Drive-In: I've always wanted to do it; when I was a kid, I either wanted to be a journalist or a musician and now I'm kind of both. When I was a kid, I was always singing. I had this moment where I realized I could sing. I was at church; I went to catholic school. One day, I was at mass, and we were singing a hymn, and the skid in front of me turned around like, "Woah," and I was like, "What?" And he said, "You sound so pretty." I didn't think about it until I got home, and I figured out I really loved it. I went on to study voice in college, and then I took some time off when I moved to New York. I hate that I didn't do more when I was in my early twenties in New York because I felt like a lot was happening in the scene then, but I'm glad I took that time to figure out what I wanted to write about and what I wanted to sound like. Fast forward a few years, and now we're here.
This is cheesy, but tell me about the name "Location Scouting" and what that means to you.

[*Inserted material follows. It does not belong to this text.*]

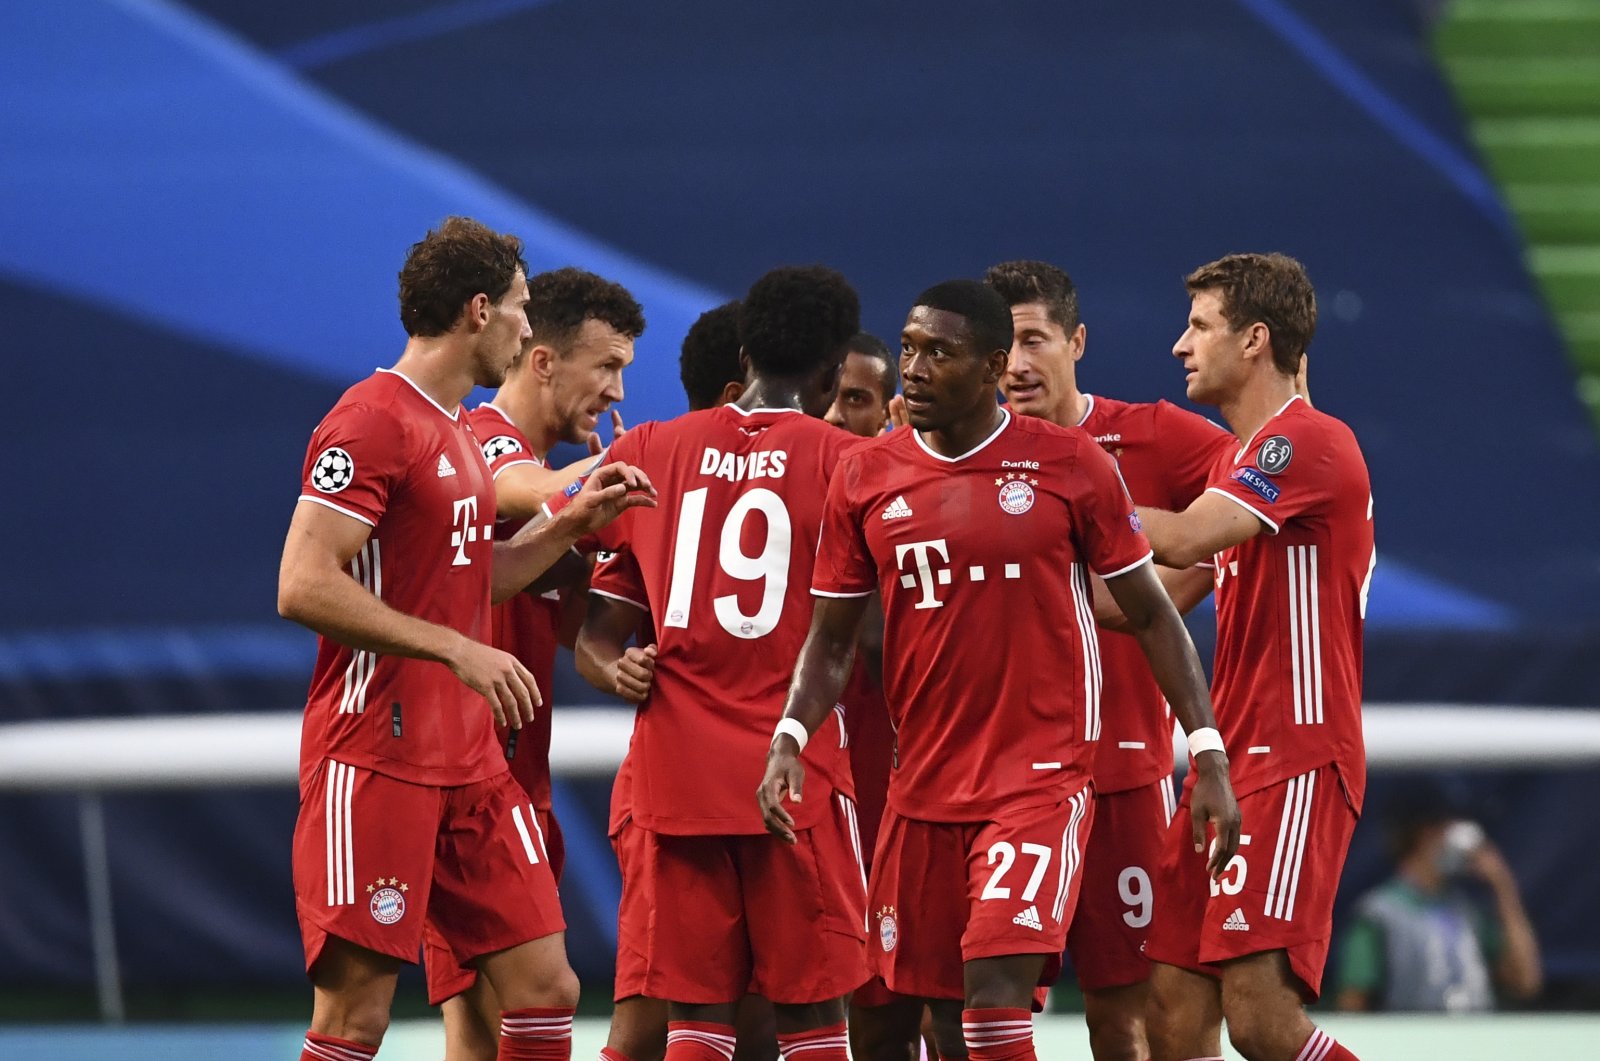 Bayern players celebrate their side's opening goal against Lyon during the Champions League semifinal at the Jose Alvalade stadium in Lisbon, Portugal, Aug. 19, 2020. (AP Photo)

Drive-In: With Drive-In, I like to think about life as one ongoing coming-of-age story. The coming-of-age story in the film revolves around young, late teens, and early twenties, but you're always coming of age. You're constantly evolving and transitioning and learning about yourself and the kind of person you want to be. I called it location scouting because there were several moments in my life where I had these life epiphanies, and a lot of them are in relation to past relationships, the relationship with myself, and the self-hatred I have brewing in my mind all the time. I just decided that all of them happened in very specific places; these places were where I had these very transformative experiences.
I can't believe I didn't put together that these songs were places, but the first song, what place is that?
Drive-In: It's a train stop on the Long Island railroad; it's also a city. People think I'm from Long Island, but I just have a lot of very complicated moments out there. It's a weird liminal space when you go out there during the off-season; everything is empty. There's a quiet beauty to those environments. The first time I went out there, I was so far removed from everything I knew.
Long Island in the off-season is where a lot of people have an existential crisis, I think I've had one there.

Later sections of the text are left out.